For perspective from the regulatory side, former town board member Dawn Jordan, a Democrat when she left office in 2019, told The Enterprise earlier this month that she doesn’t “think it was anyone’s reasonable expectation at the time that all of the committees and all of policies in the comprehensive plan would be implemented immediately upon adopting it, or even within the first five years.”

She recalled that her colleague, former town board member Joe Golden, had once told her, “Government moves slowly, and that’s a good thing,” which she described as “one of the most important lessons” she had learned from him.

“It was our hope, however, to move toward those goals in a steady manner,” Jordan went on. “Some of the major things we did accomplish, such as banning hydrofracking (I think we did that before the plan’s final adoption, actually) and adopting protective solar regulations.
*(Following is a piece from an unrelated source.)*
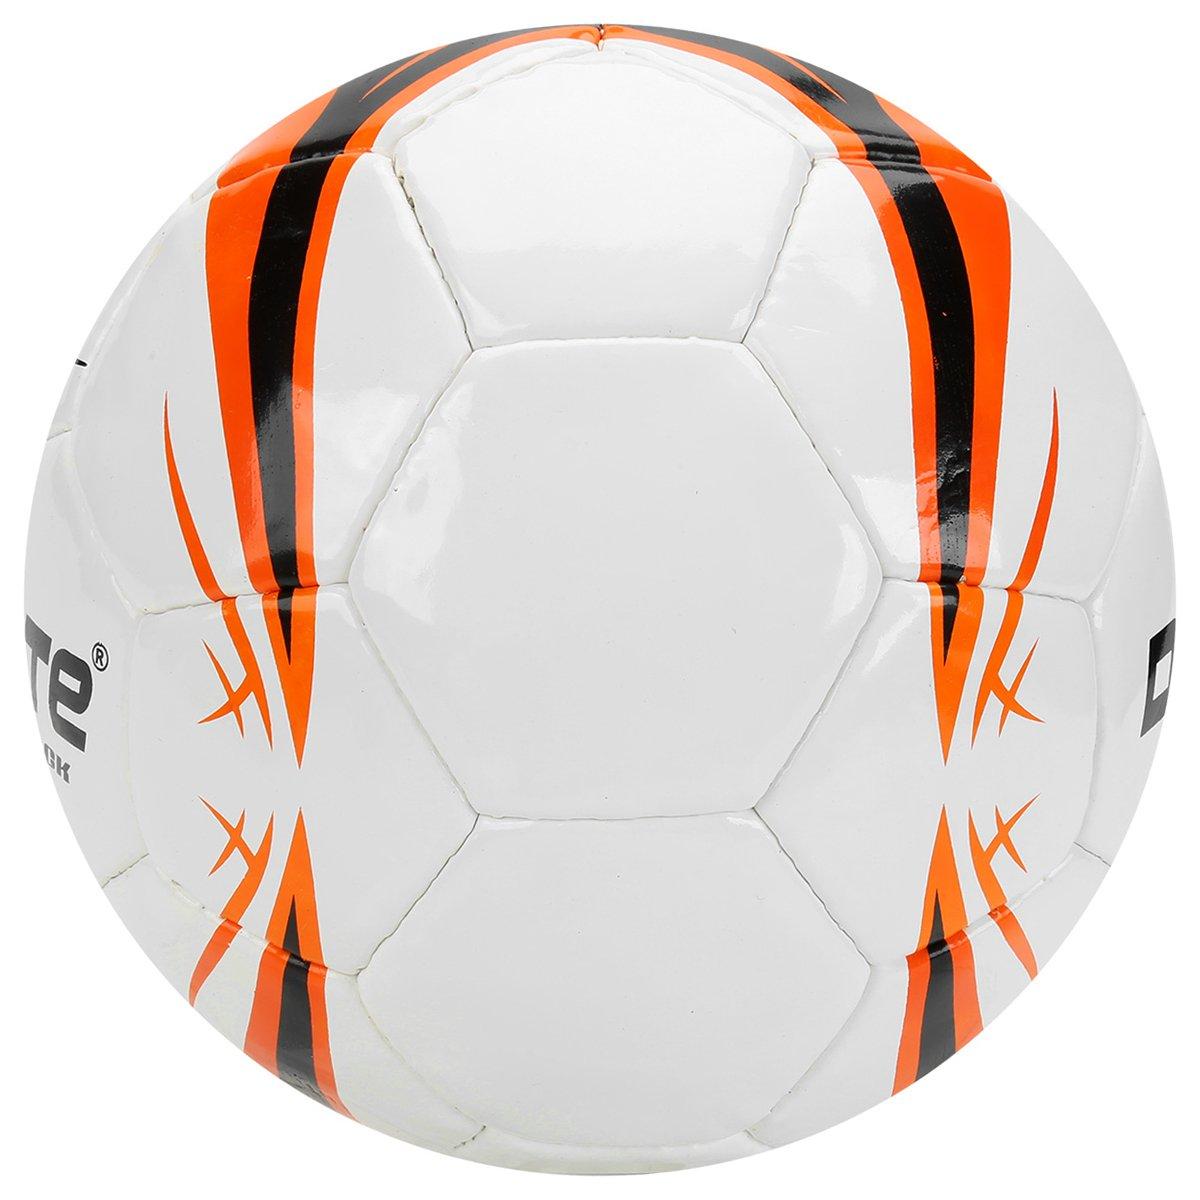 Bola Futebol DalPonte Microline Attack Campo - Compre Agora  f835ecb60ad33

It is my belief that if the town board had remained made up of individuals whose goal was to work together cooperatively for the betterment of our town and residents, more of the comp plan goals and suggested committees would have come to fruition.” 

With that in mind, Jordan also said of Lyons and Palow that she “had the distinct sense that Sean and Dennis had nothing but disdain for the comprehensive plan, and I wouldn’t imagine they hold any desire to see its goals put into practice.”

And, when Democrats were still a majority force on the board, Jordan said their time was “taken up with putting out fires caused by the remaining members of the board, the highway superintendent and some of the other staff.  We also were put in the position of defending ourselves against legal investigations brought by these people. In order for a municipality to flourish and for things like the goals in the comprehensive plan to be accomplished, board members need the time to work on them.”

As for the committees, Jordan indicated, they rely on a volunteering public, which is often difficult to rouse for matters of municipal interest, and perhaps, Jordan said, all the more so when partisanship creates a hostile environment, as it had when Jordan was on the board, and which continues to this day. 

“As it was, we were losing planning board and zoning board members, as well members of the Switzkill Farm board and conservation board,” Jordan said.  “Those positions on already established boards had to take priority over any new committee we might have wanted to have set up, so even if we had had the time, I don’t think we would have considered it, as I don’t know where we would have found people willing to fill them. Very few people want to give of their time and effort when they see what they were seeing happen during those two years.”